In the records below, repeat exactly the lines between the line holding "Der Name der" and the line holding "Ziehen Sie sich mit", inclusive, and drop the pictures.
Top of Data for analysis
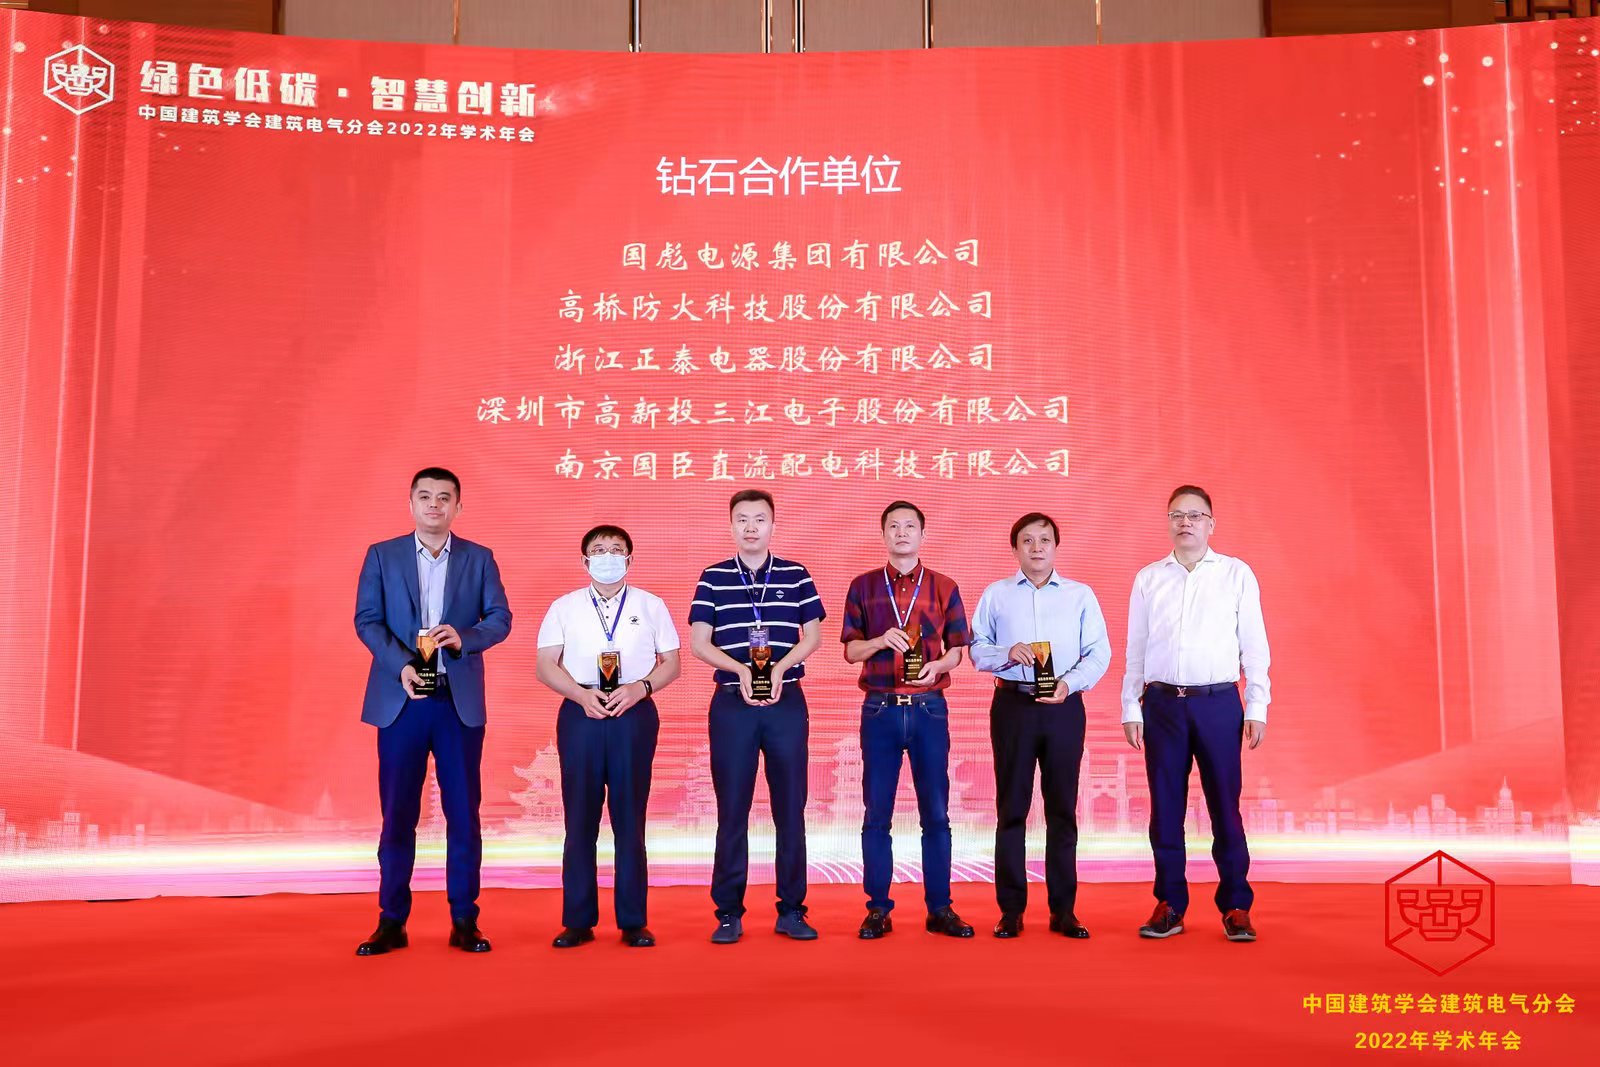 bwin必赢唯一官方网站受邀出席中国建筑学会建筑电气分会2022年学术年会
Bottom of Data for analysis
Top of Data for analysis
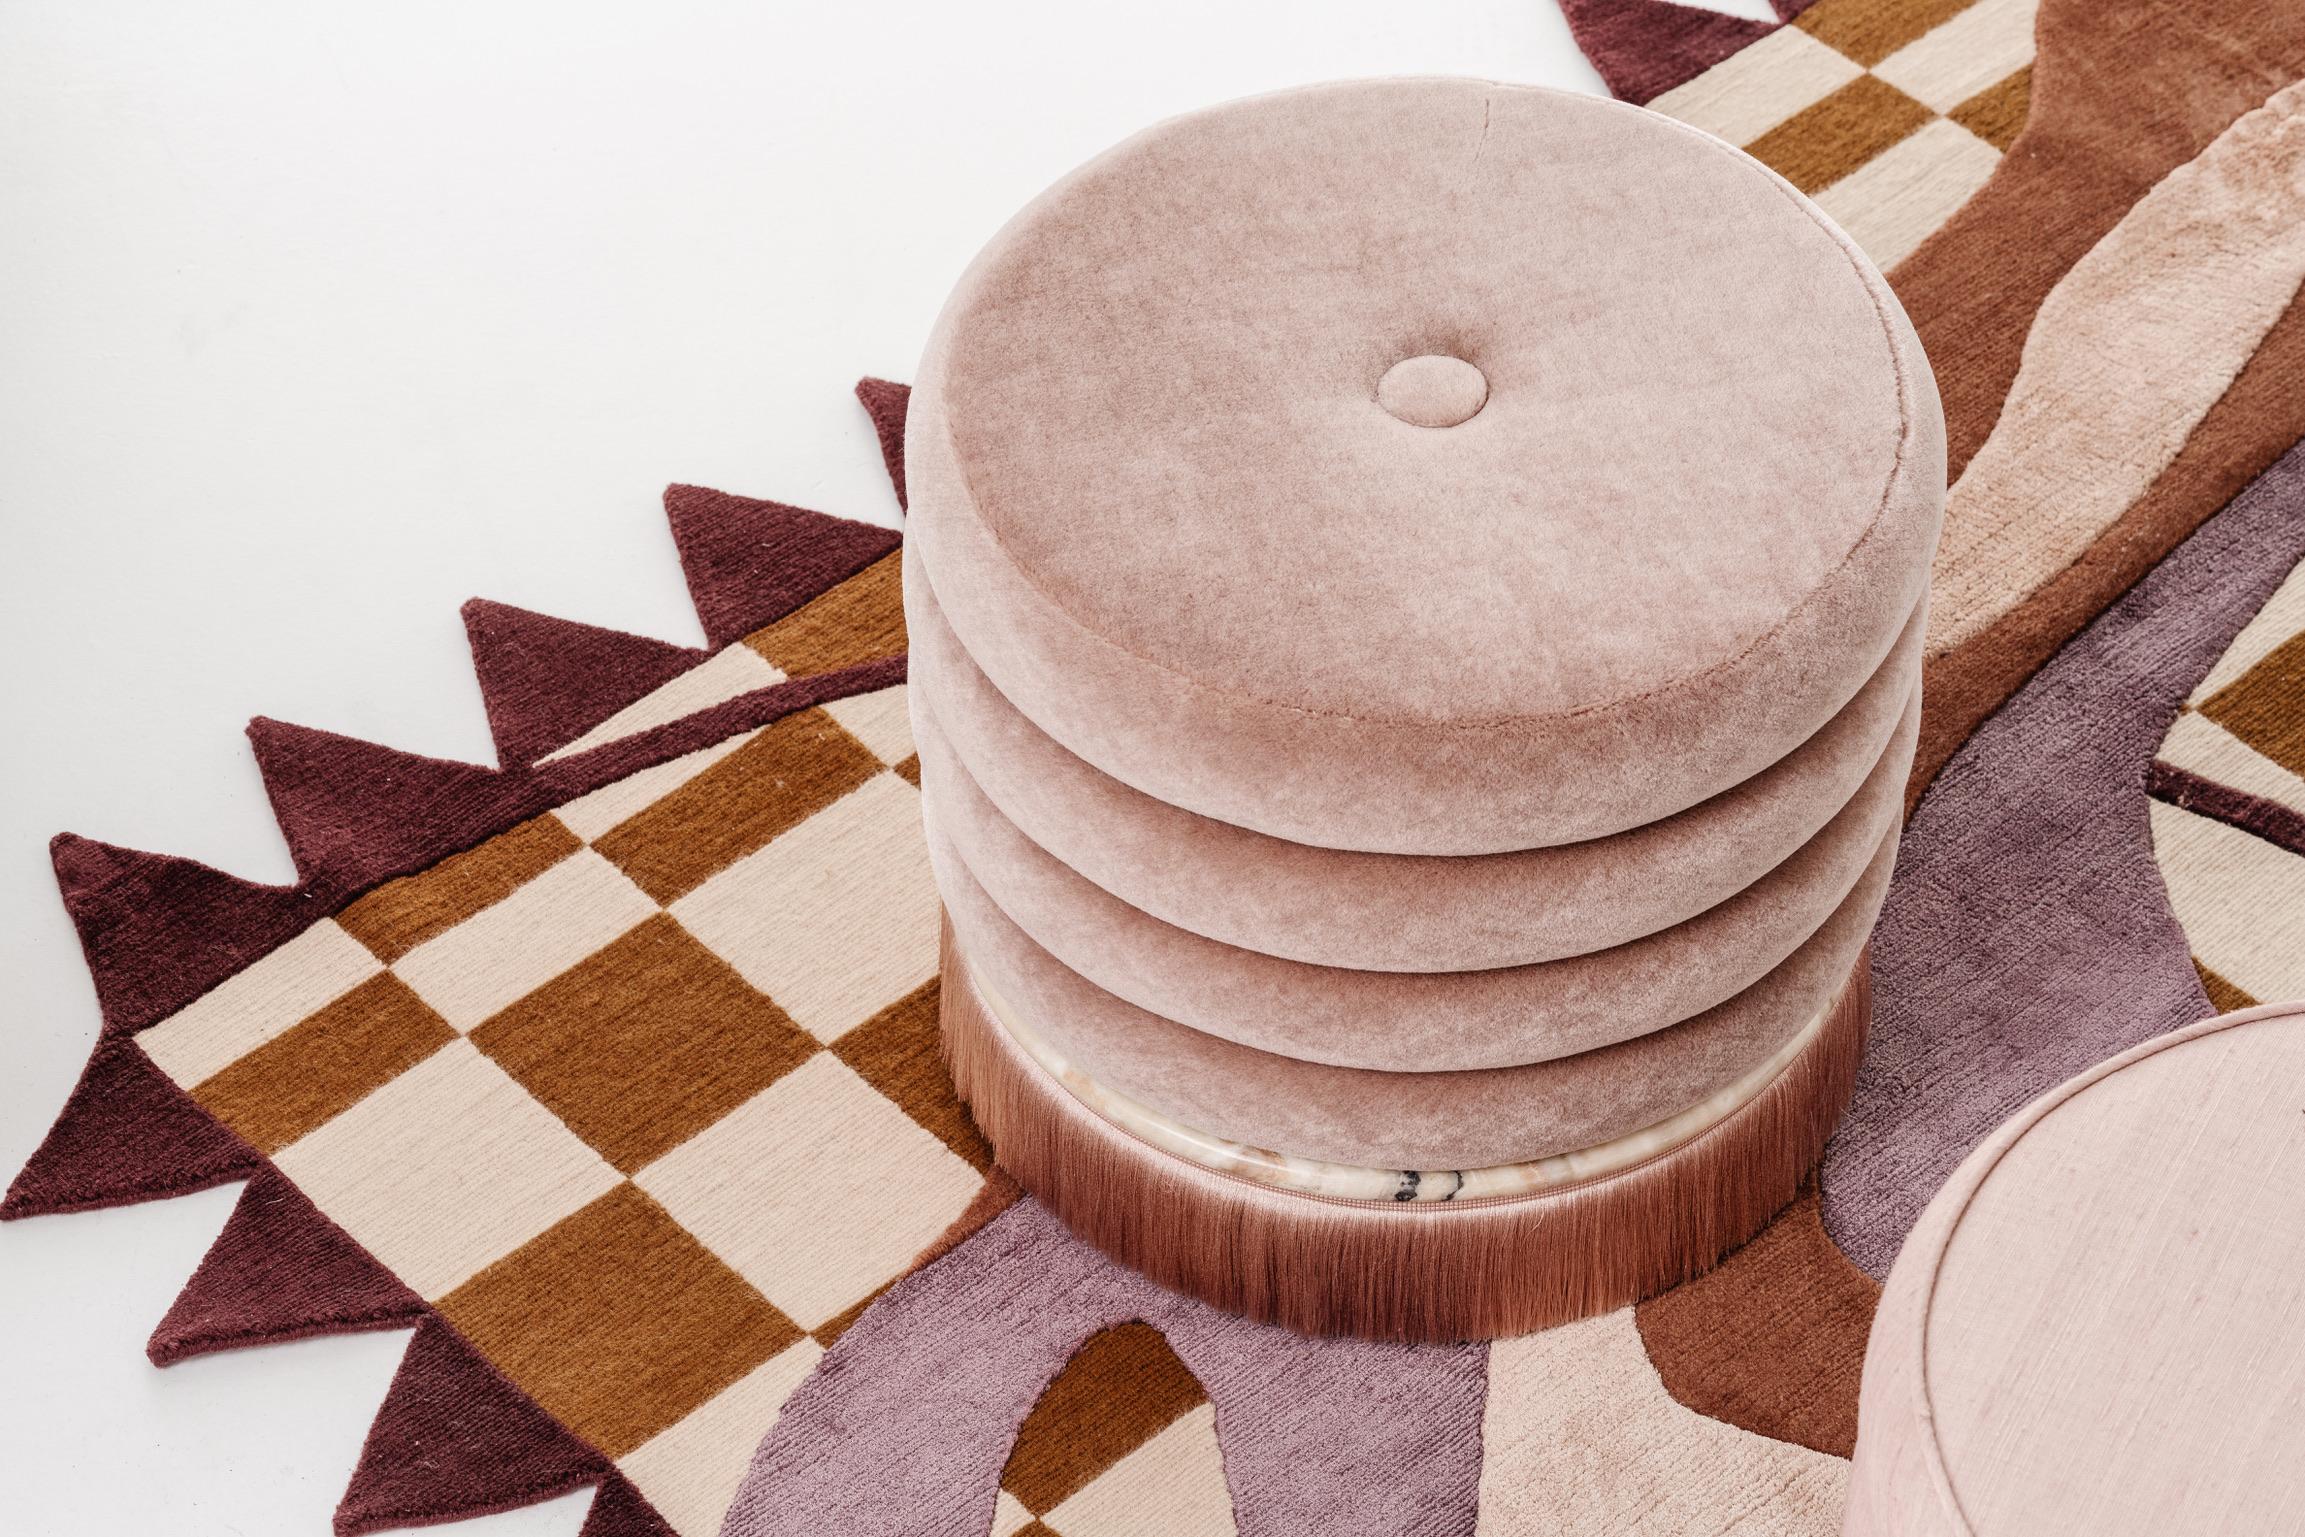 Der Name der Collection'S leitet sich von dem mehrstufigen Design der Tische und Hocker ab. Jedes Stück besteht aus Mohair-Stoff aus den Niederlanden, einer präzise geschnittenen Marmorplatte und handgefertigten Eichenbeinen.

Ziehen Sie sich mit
Bottom of Data for analysis
Result —
 Der Name der Collection'S leitet sich von dem mehrstufigen Design der Tische und Hocker ab. Jedes Stück besteht aus Mohair-Stoff aus den Niederlanden, einer präzise geschnittenen Marmorplatte und handgefertigten Eichenbeinen.

Ziehen Sie sich mit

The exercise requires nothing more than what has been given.